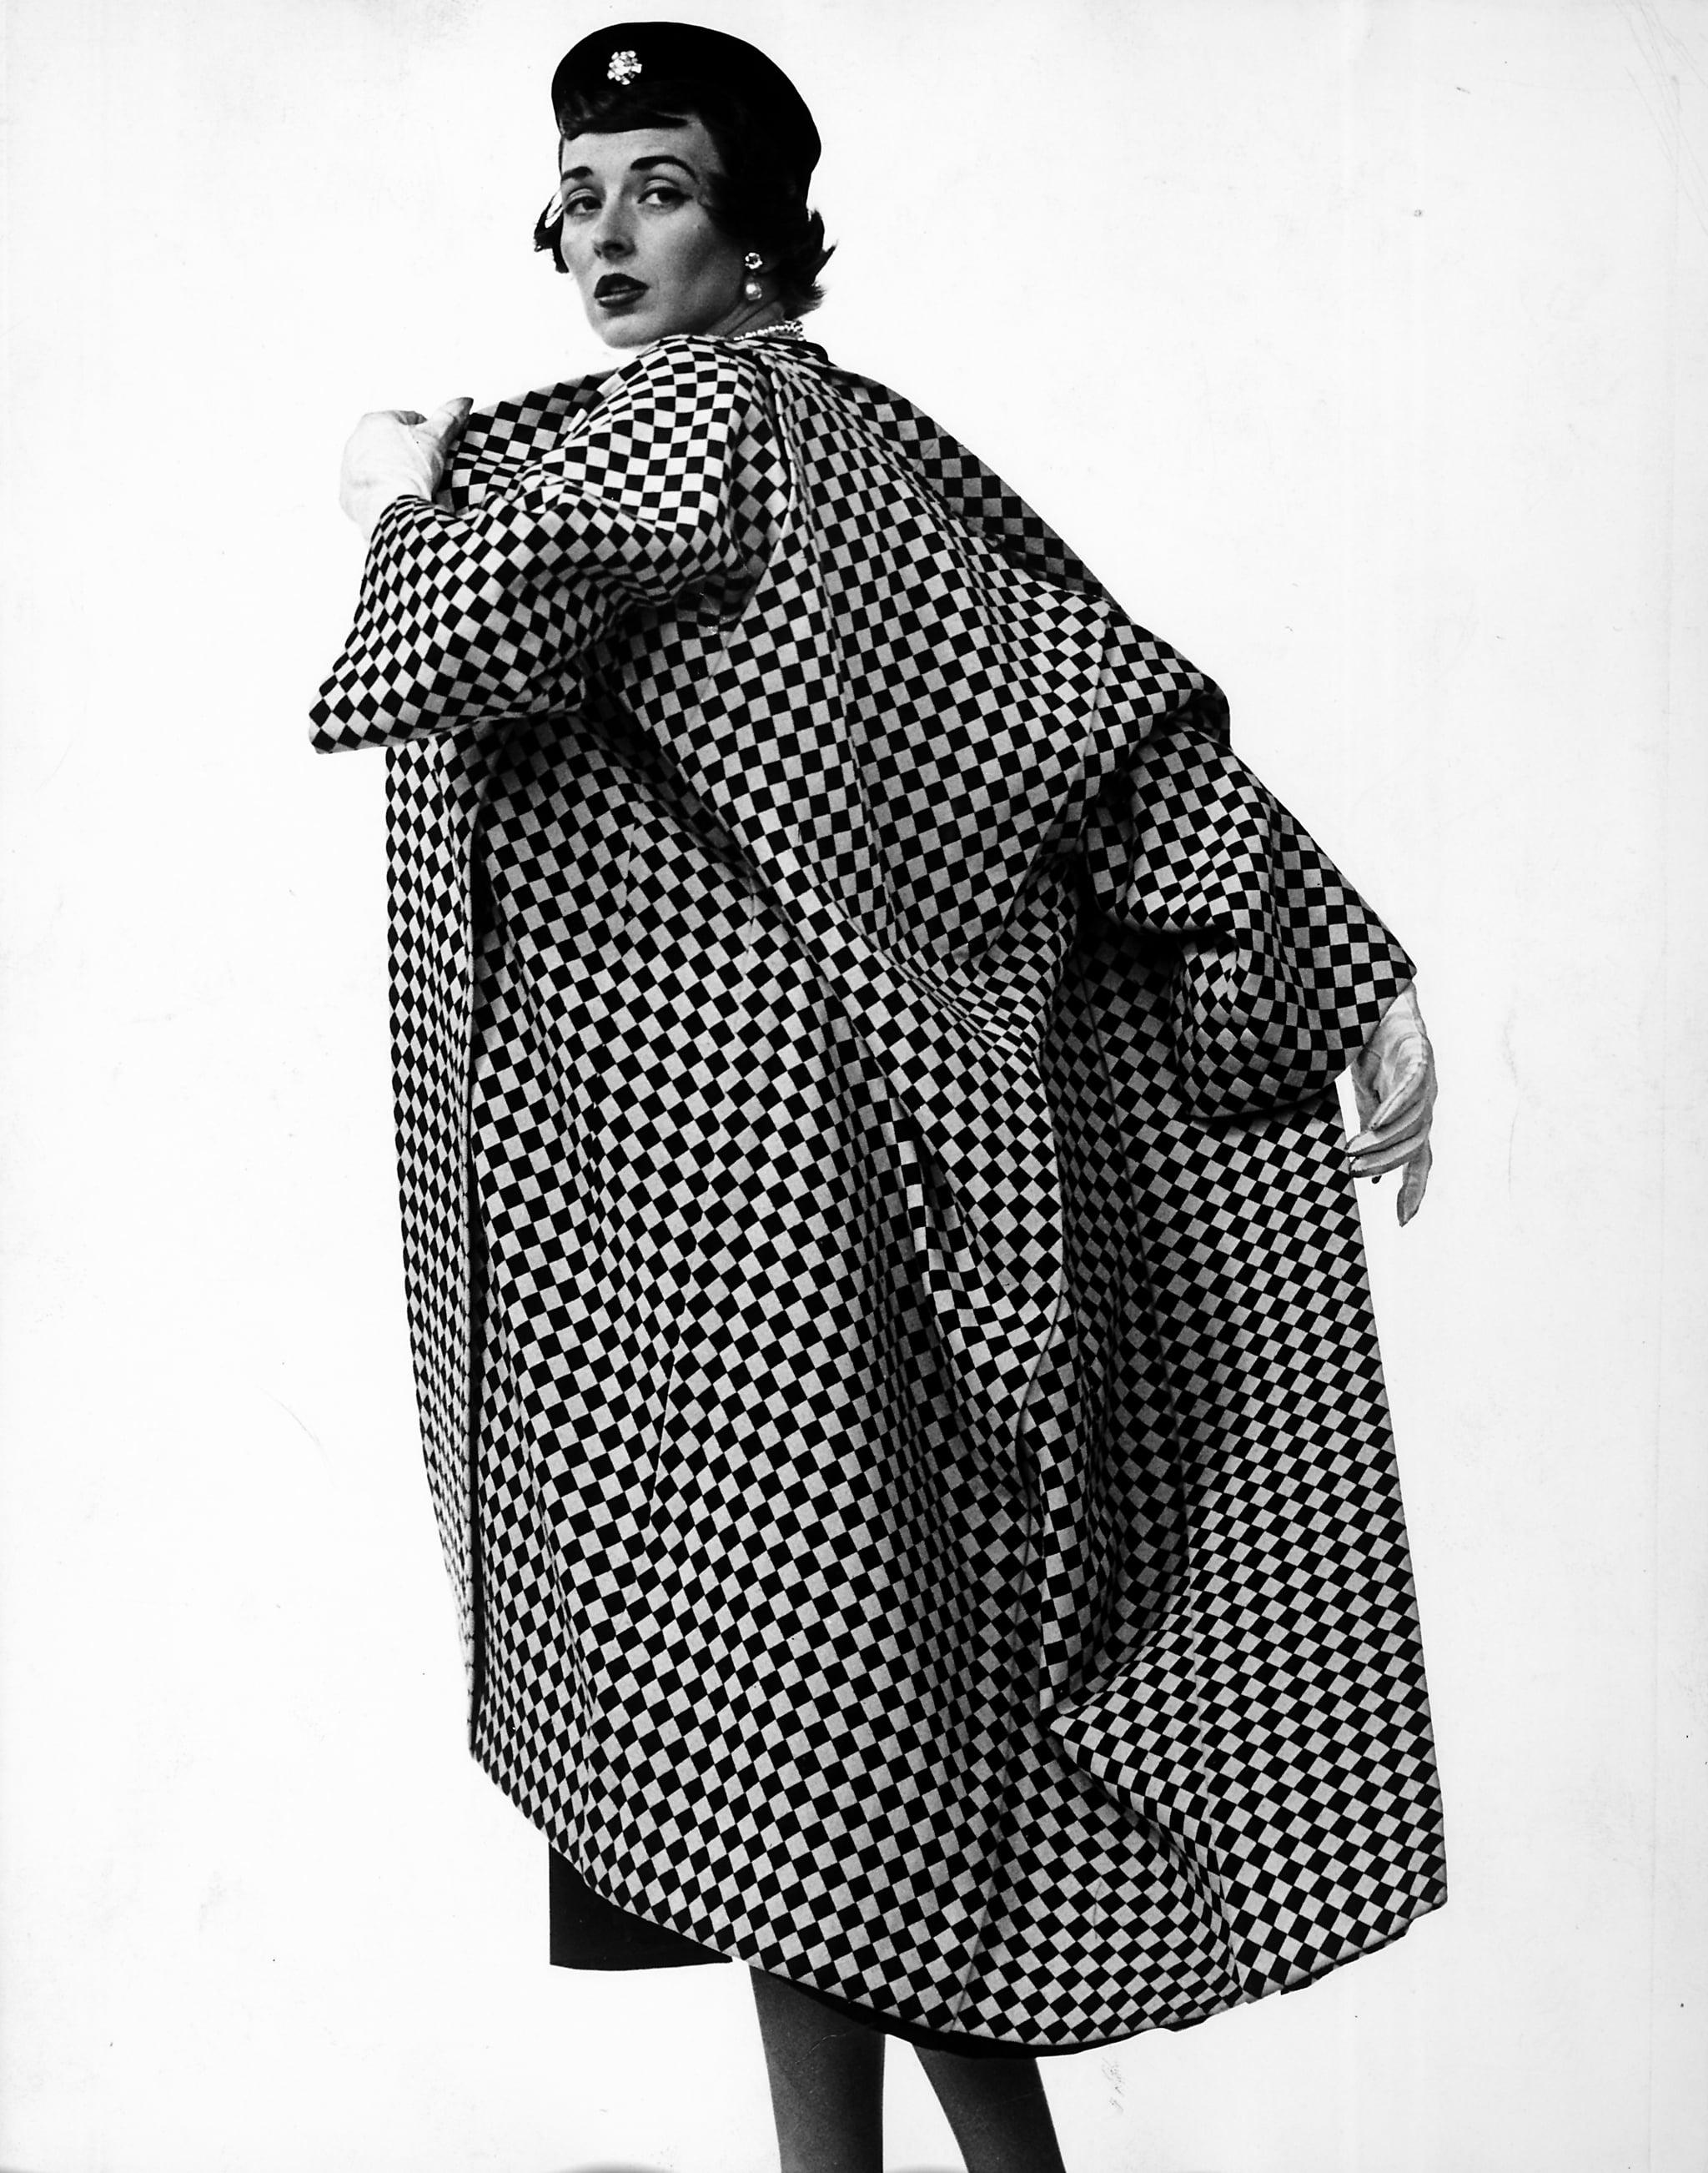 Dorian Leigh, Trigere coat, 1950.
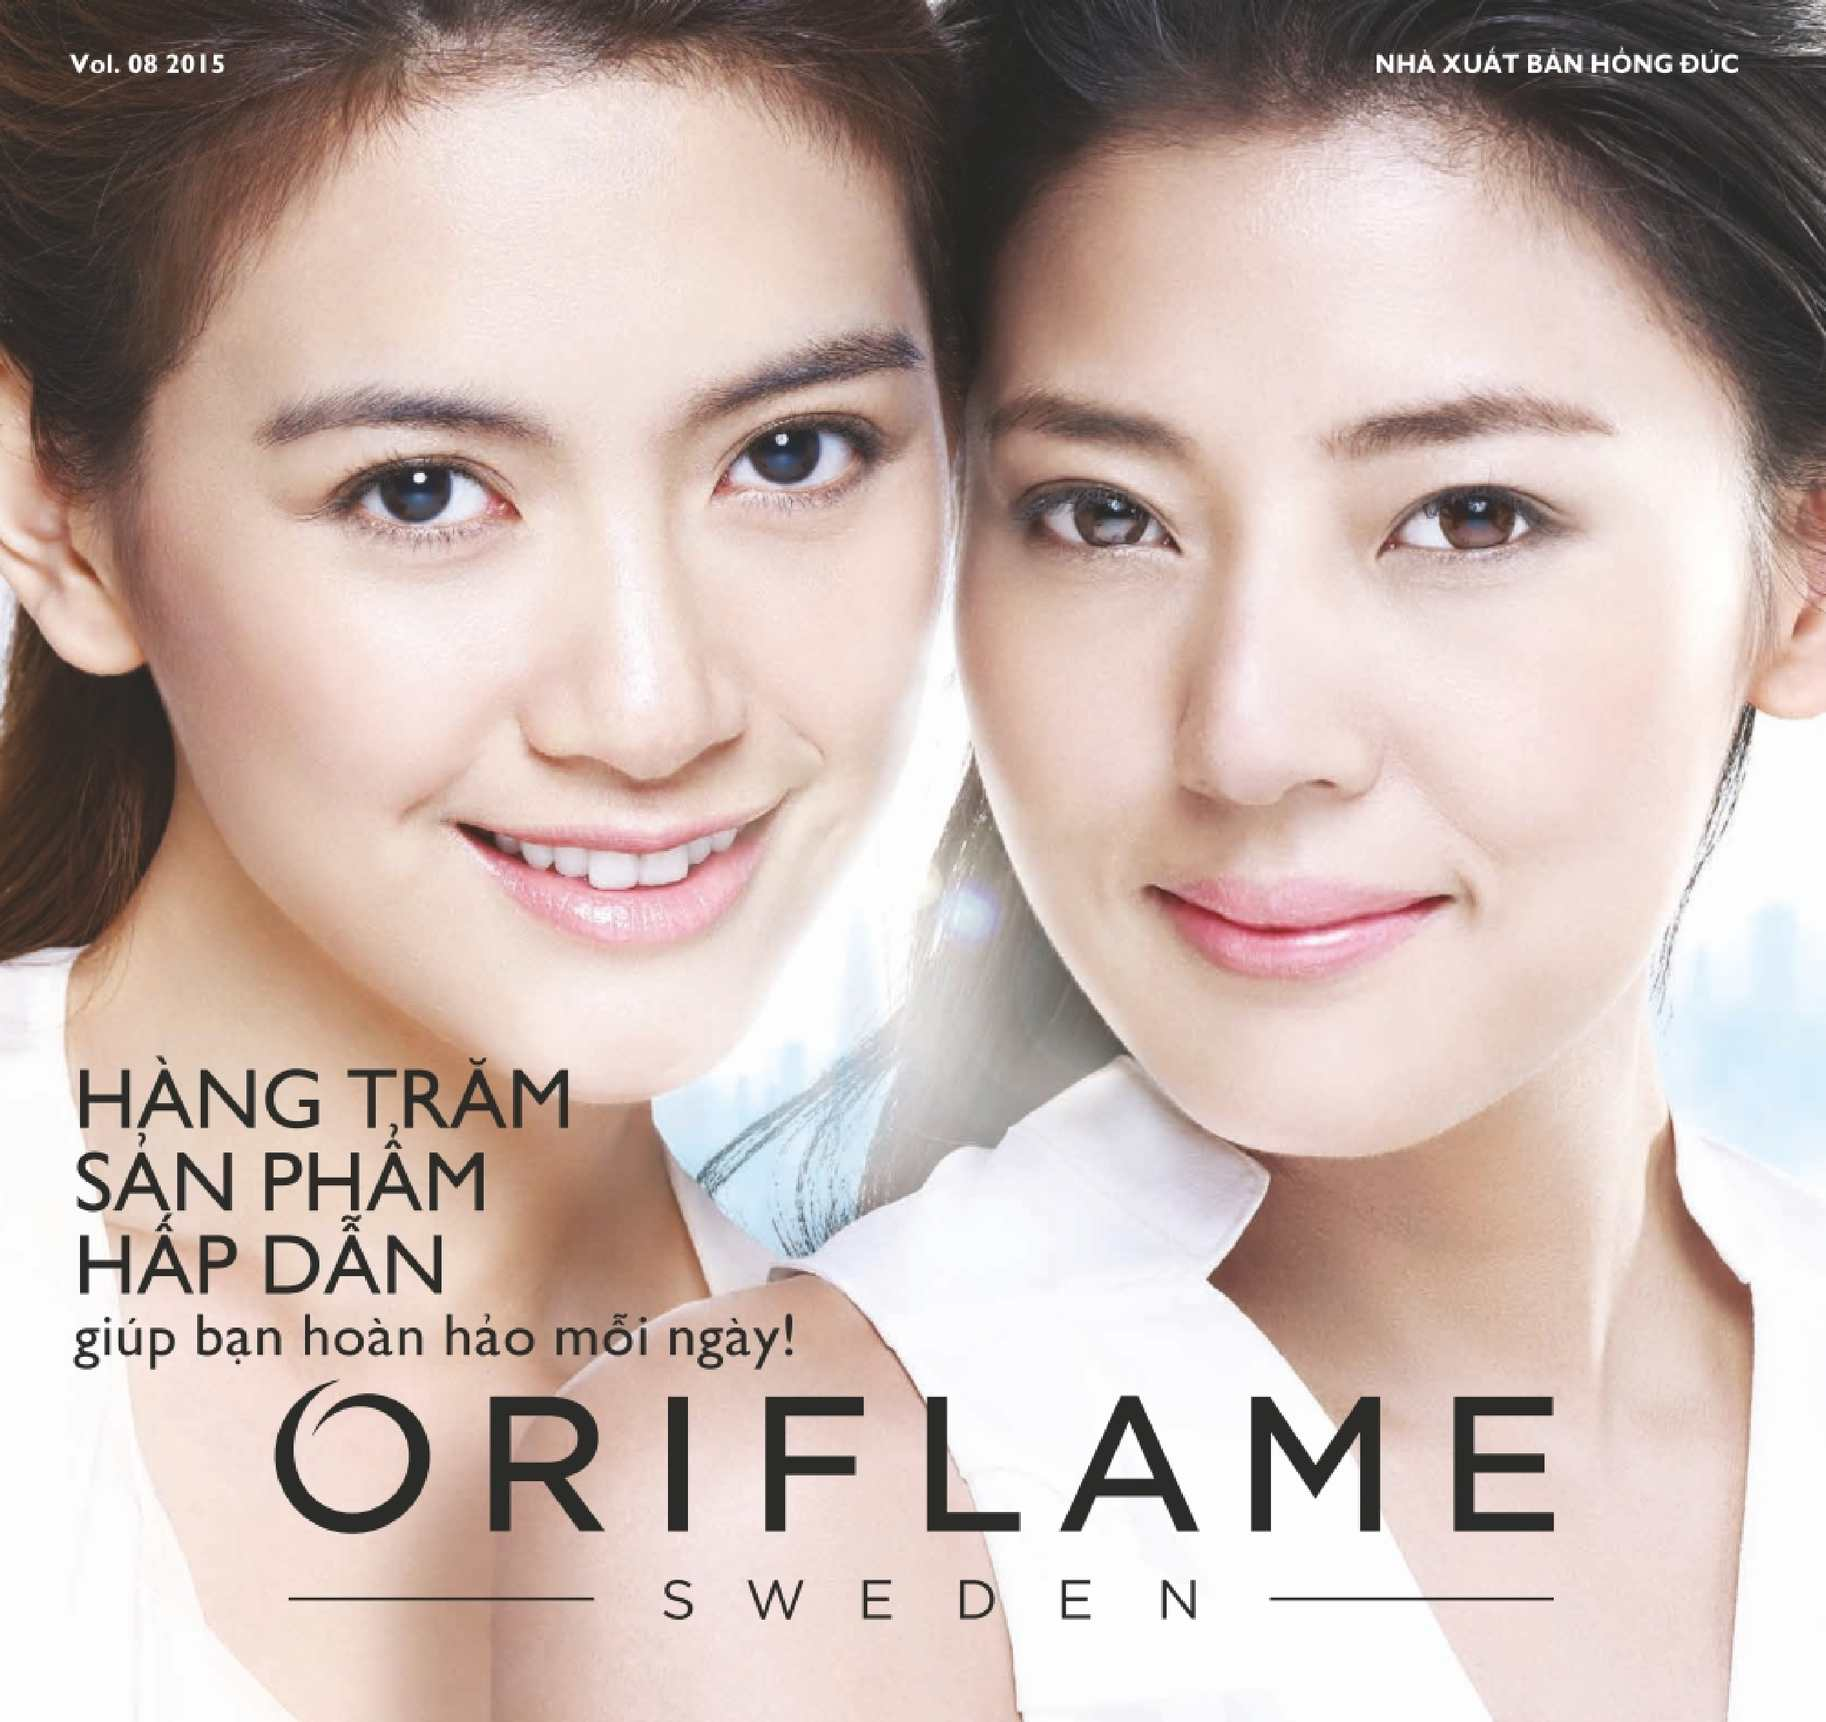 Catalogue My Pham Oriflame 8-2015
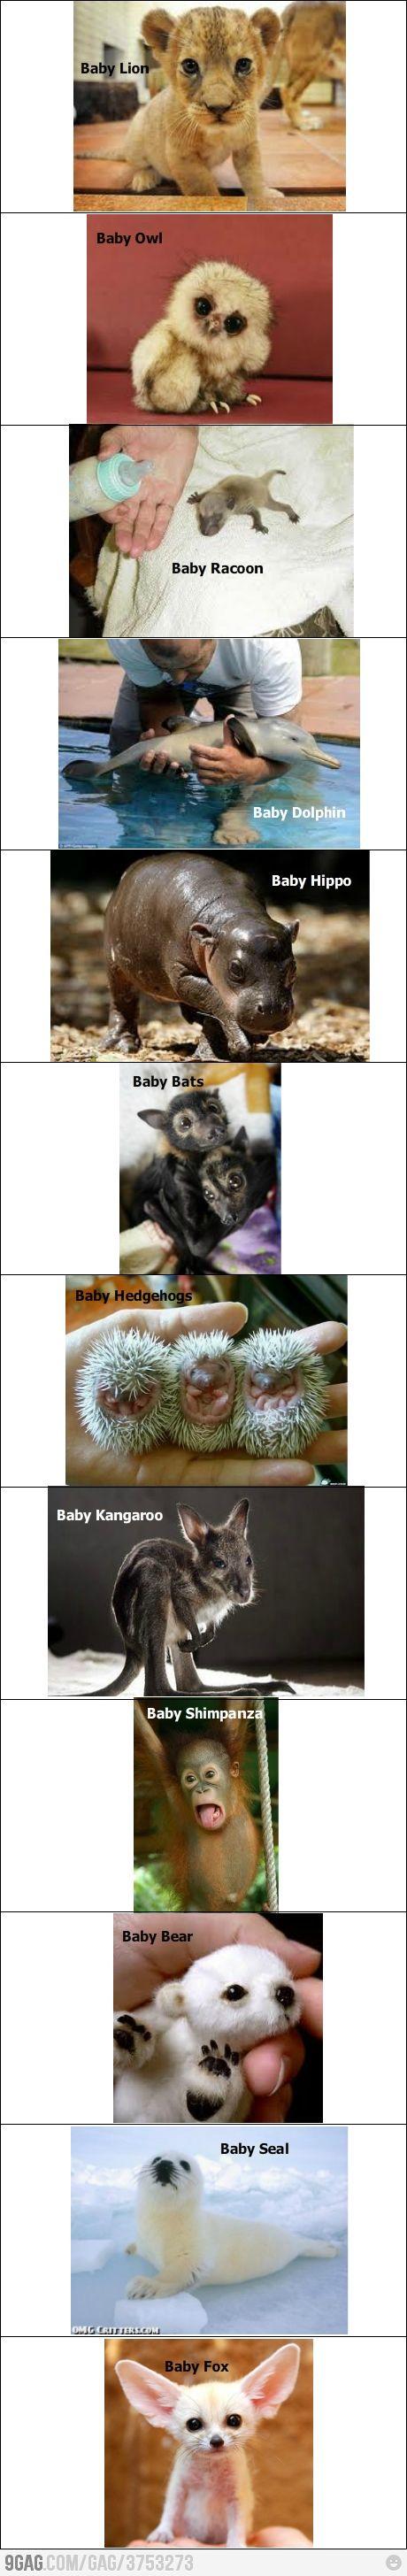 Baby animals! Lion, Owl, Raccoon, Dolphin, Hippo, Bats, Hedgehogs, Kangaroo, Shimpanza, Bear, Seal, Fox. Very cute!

━━━━━━━━━━

_Activity_
Produce an exact copy of each line of data, skipping embedded images.

_Solution for this exercise_
 Dorian Leigh, Trigere coat, 1950.
 Catalogue My Pham Oriflame 8-2015
 Baby animals! Lion, Owl, Raccoon, Dolphin, Hippo, Bats, Hedgehogs, Kangaroo, Shimpanza, Bear, Seal, Fox. Very cute!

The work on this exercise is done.